**INSTRUCTIONS FOR THE TASK:** Repeat each entry below exactly, omitting any picture it holds.

(DATA RECORDS Opens)

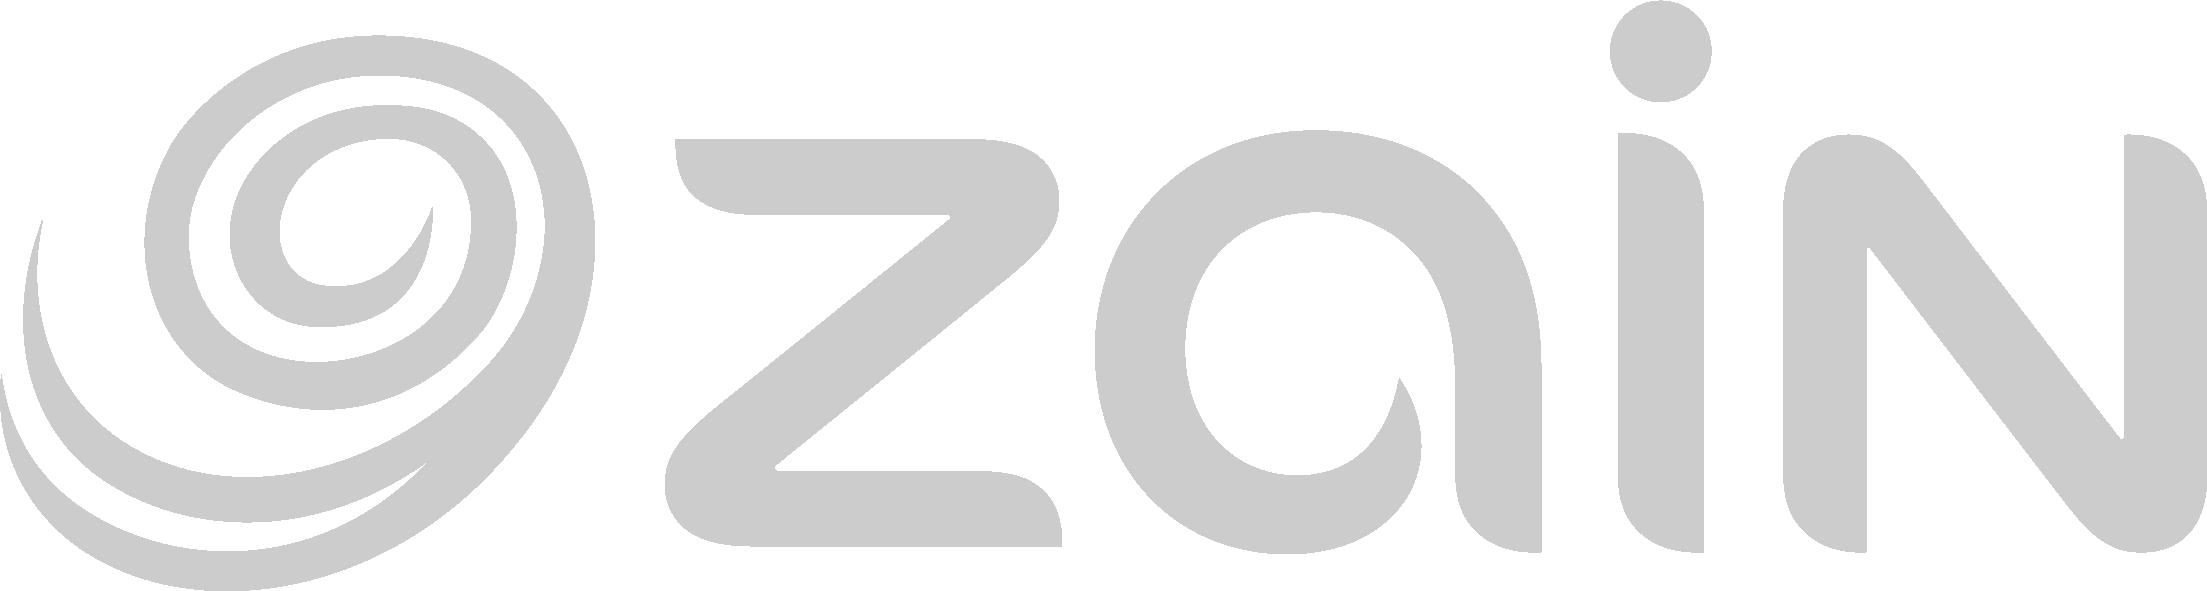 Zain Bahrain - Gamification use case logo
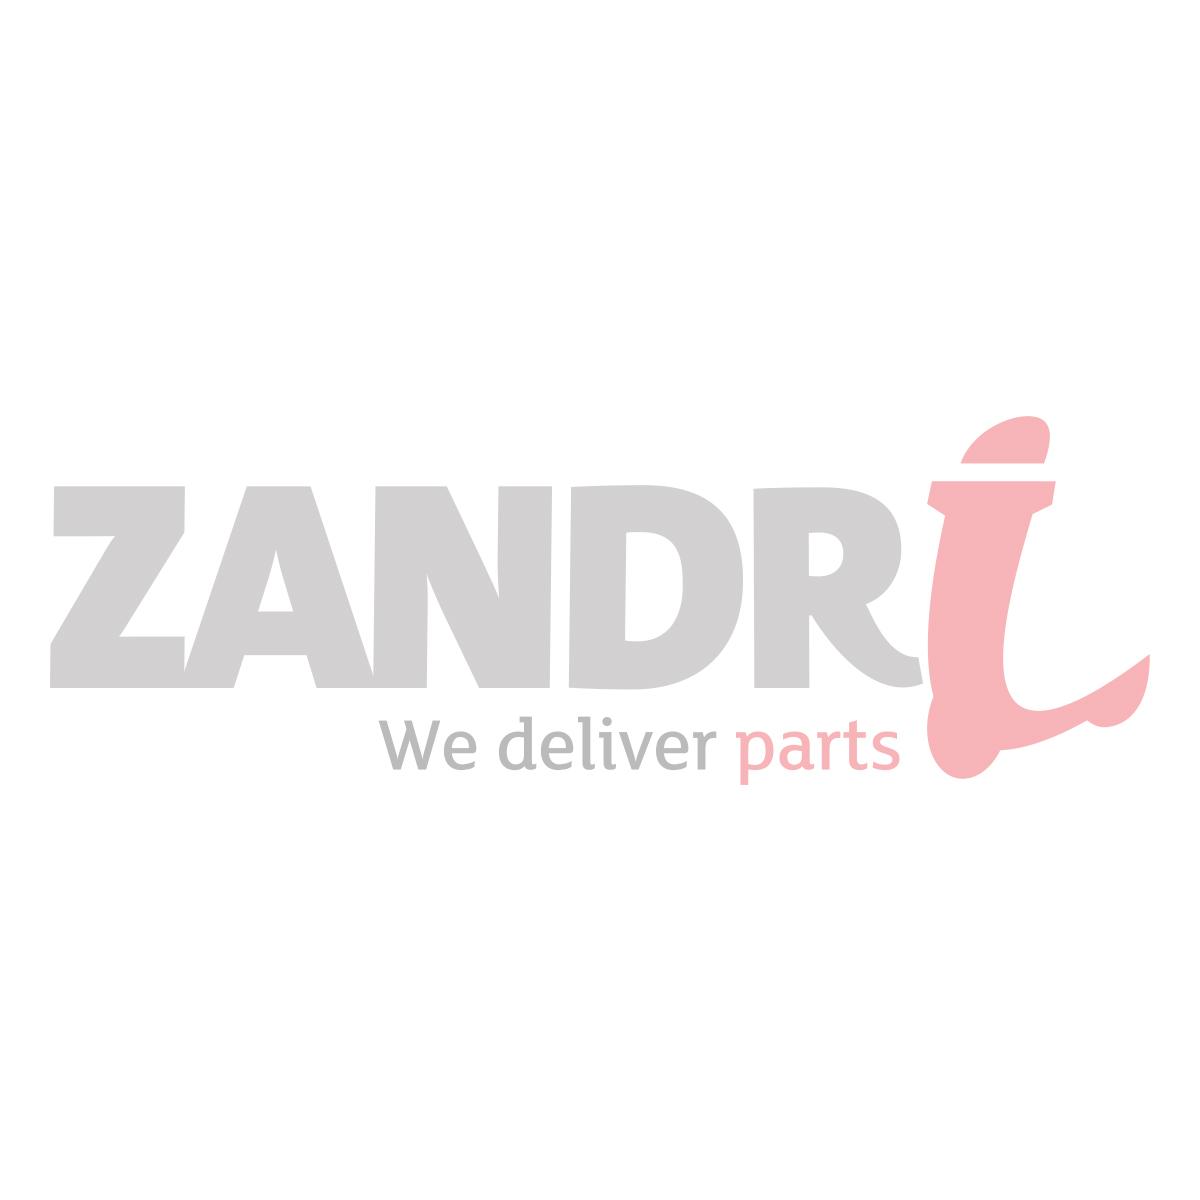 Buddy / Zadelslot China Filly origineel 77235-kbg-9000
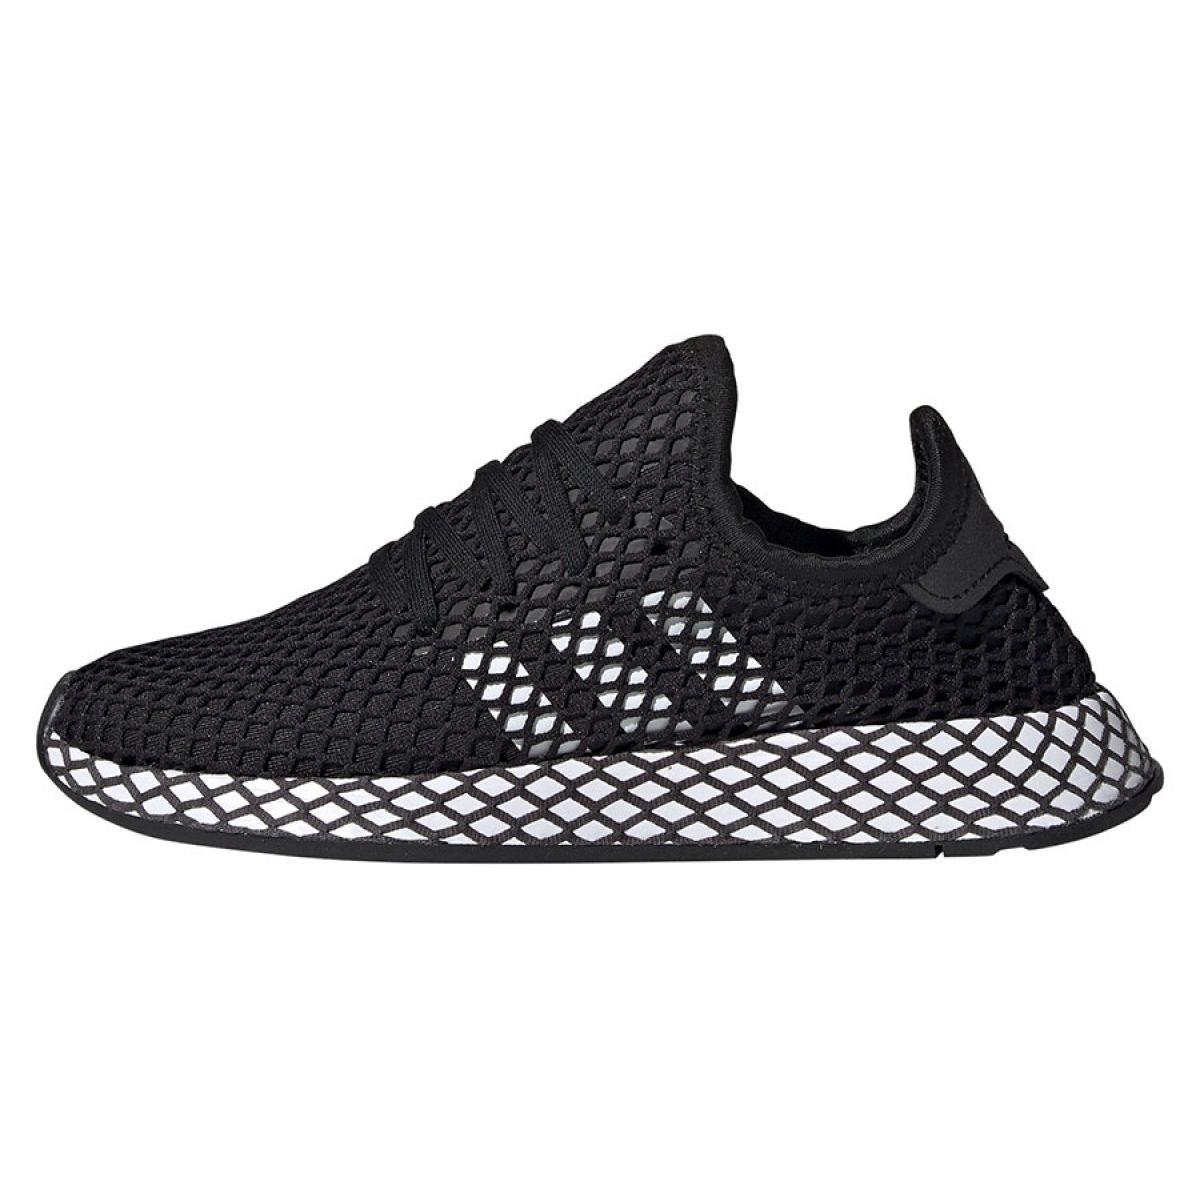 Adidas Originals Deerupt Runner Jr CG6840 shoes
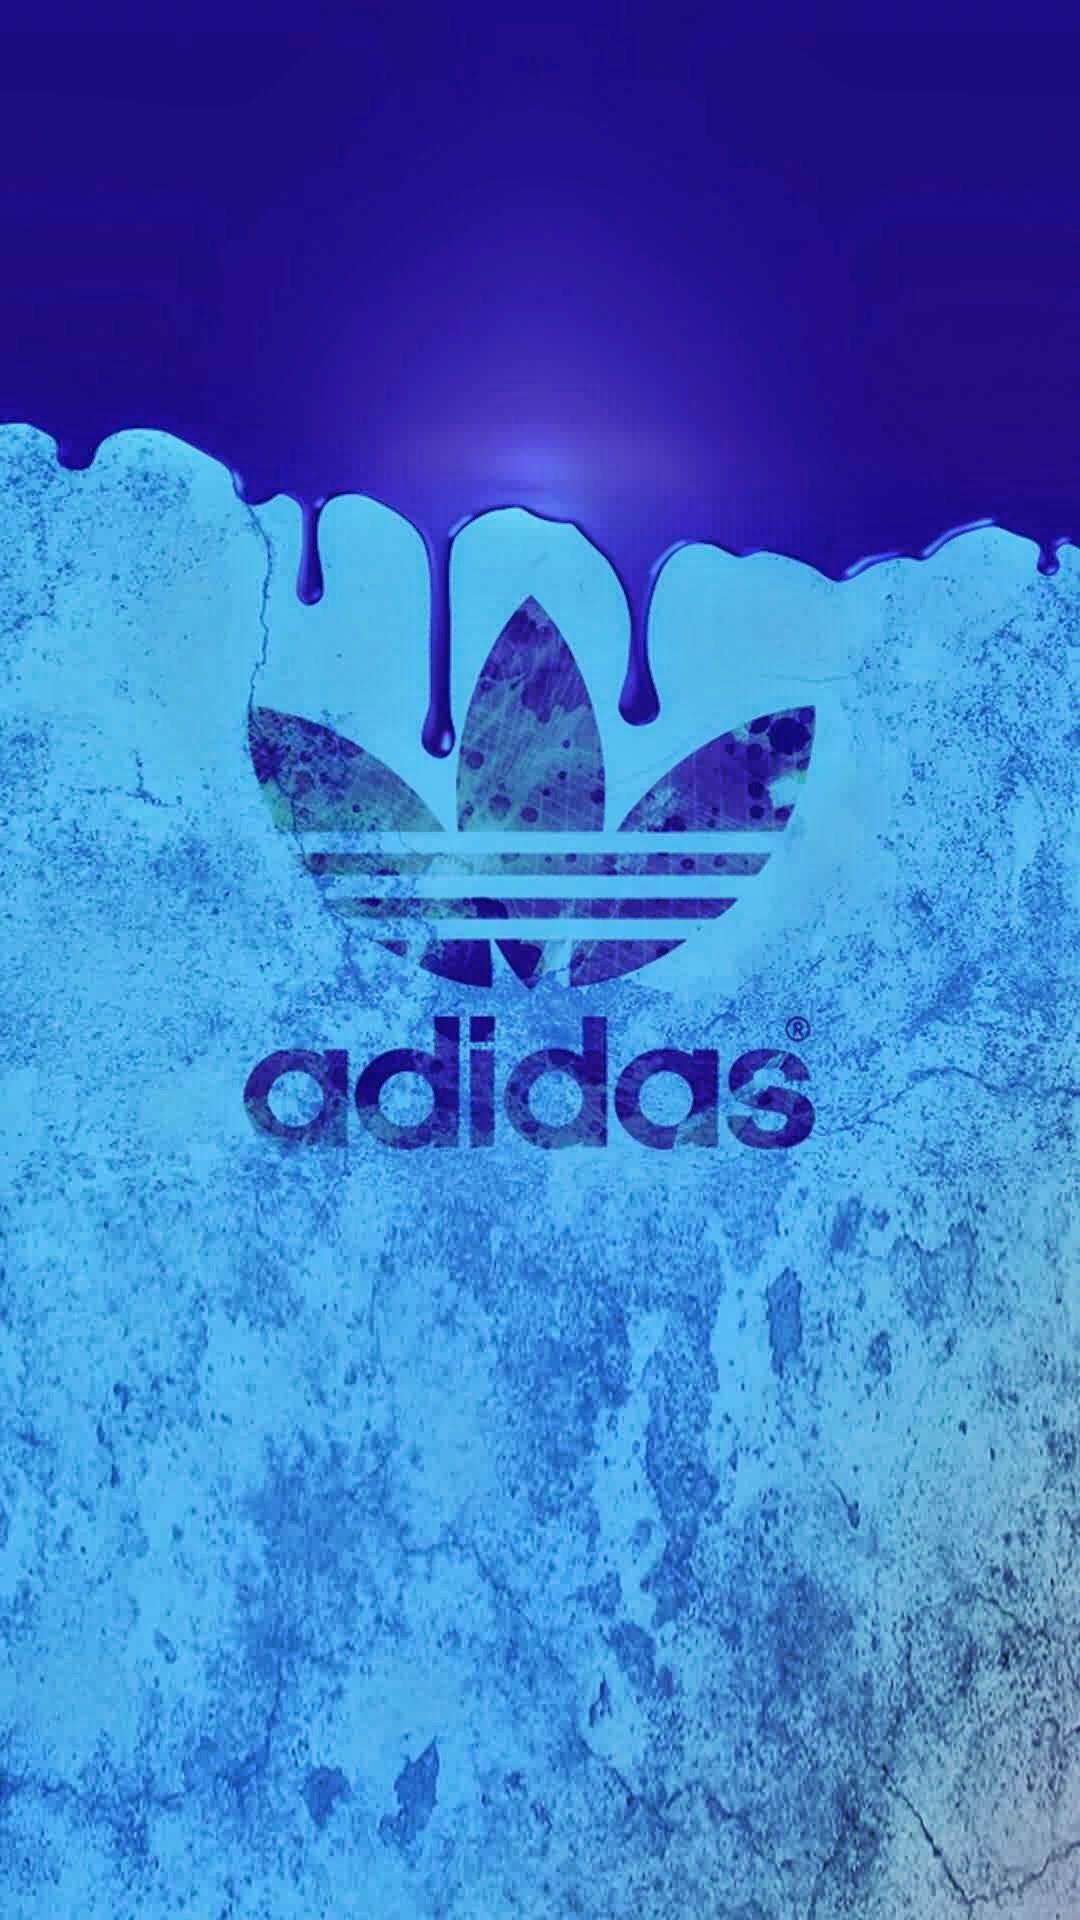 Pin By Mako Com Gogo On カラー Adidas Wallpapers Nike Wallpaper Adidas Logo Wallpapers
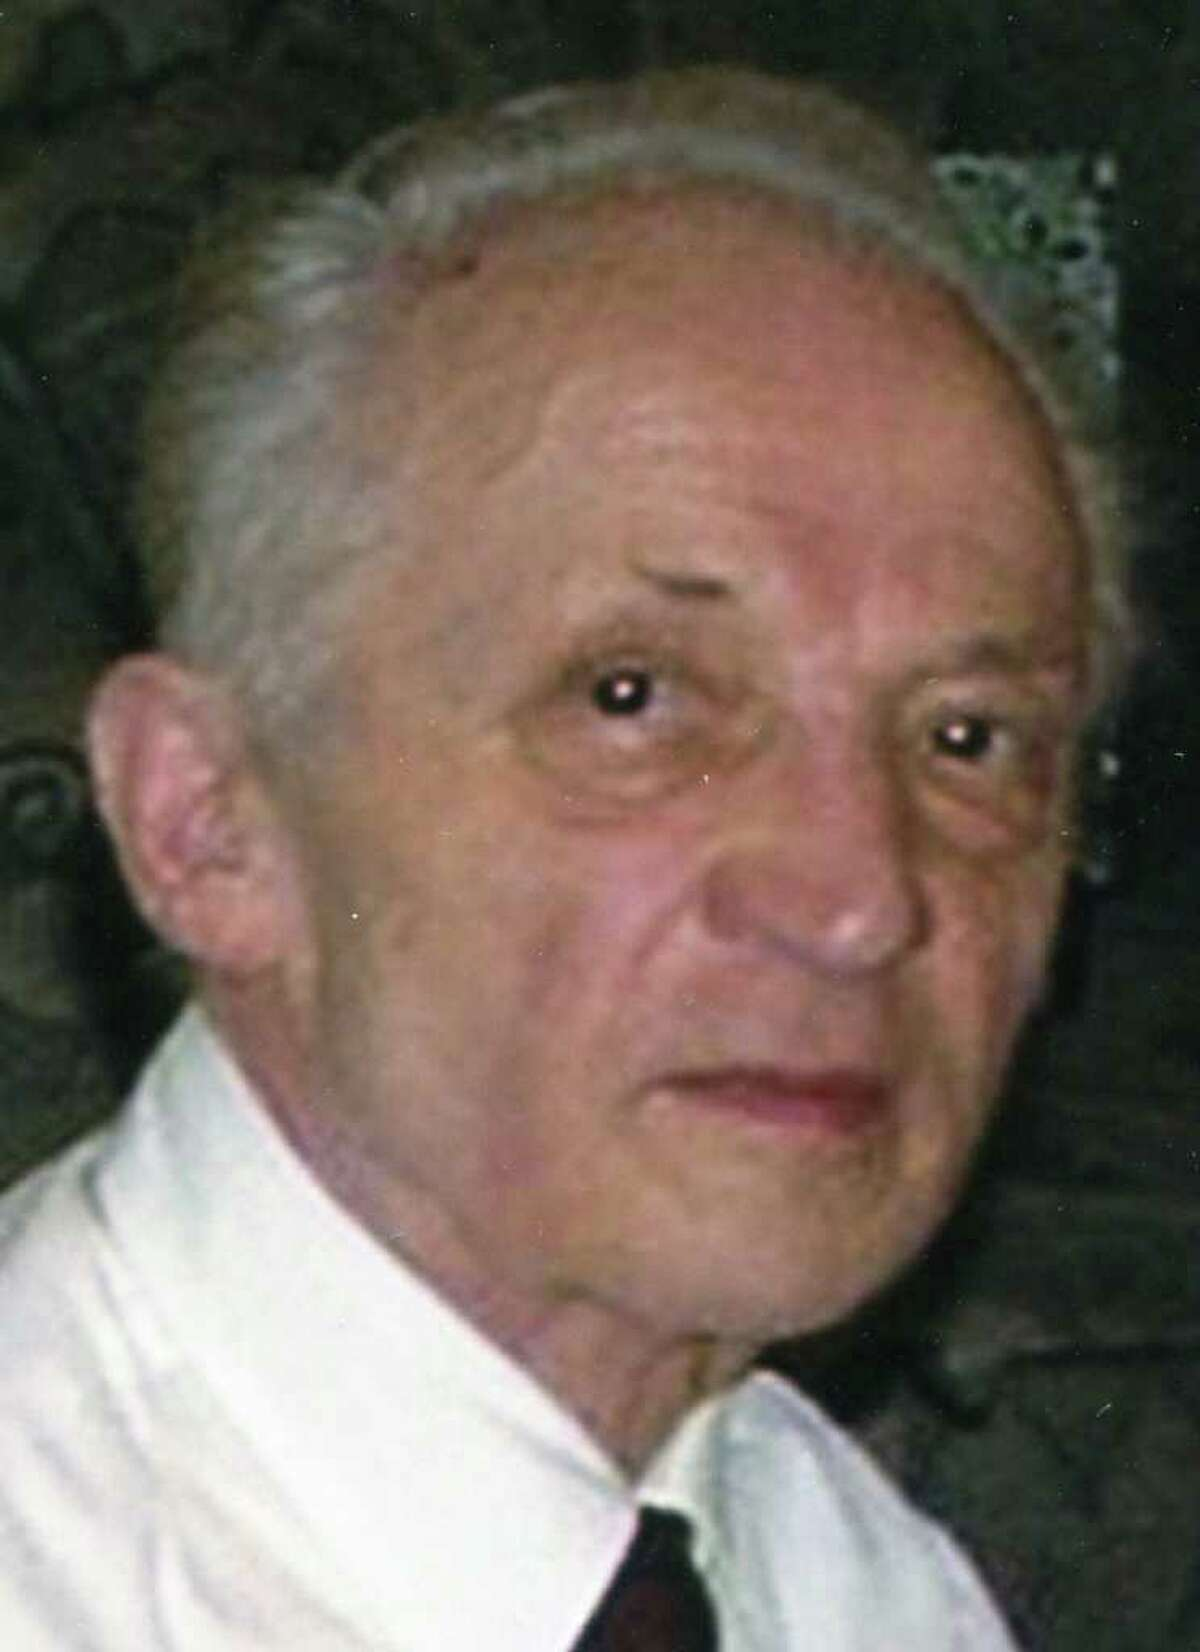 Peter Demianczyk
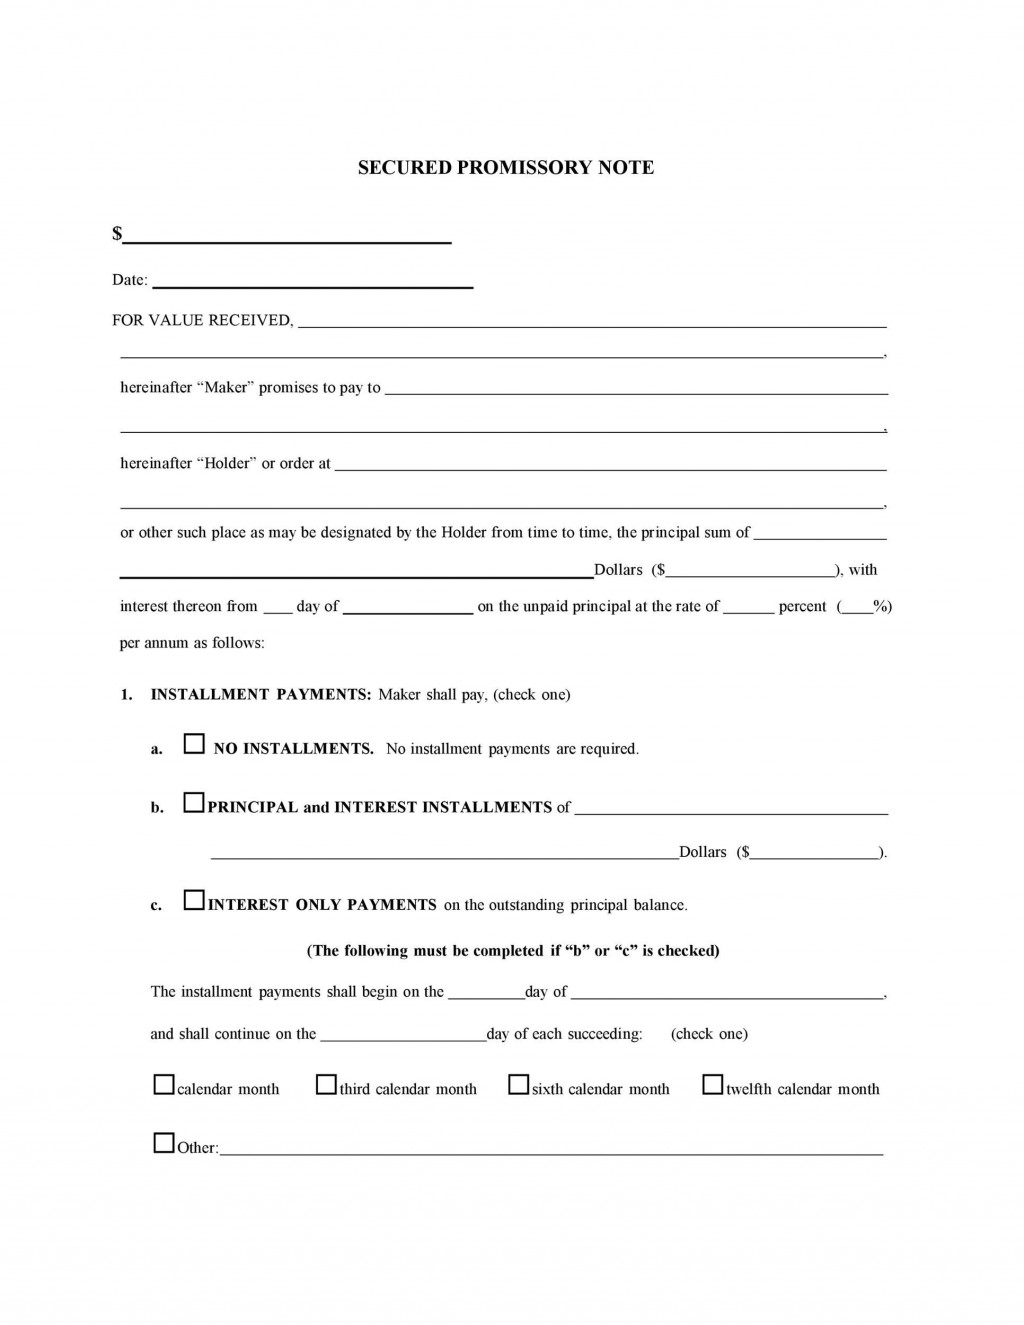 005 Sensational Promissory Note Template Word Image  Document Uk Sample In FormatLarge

(DATA RECORDS Closes)

**TASK SOLUTION:**
 Zain Bahrain - Gamification use case logo
 Buddy / Zadelslot China Filly origineel 77235-kbg-9000
 Adidas Originals Deerupt Runner Jr CG6840 shoes
 Pin By Mako Com Gogo On カラー Adidas Wallpapers Nike Wallpaper Adidas Logo Wallpapers
 Peter Demianczyk
 005 Sensational Promissory Note Template Word Image  Document Uk Sample In FormatLarge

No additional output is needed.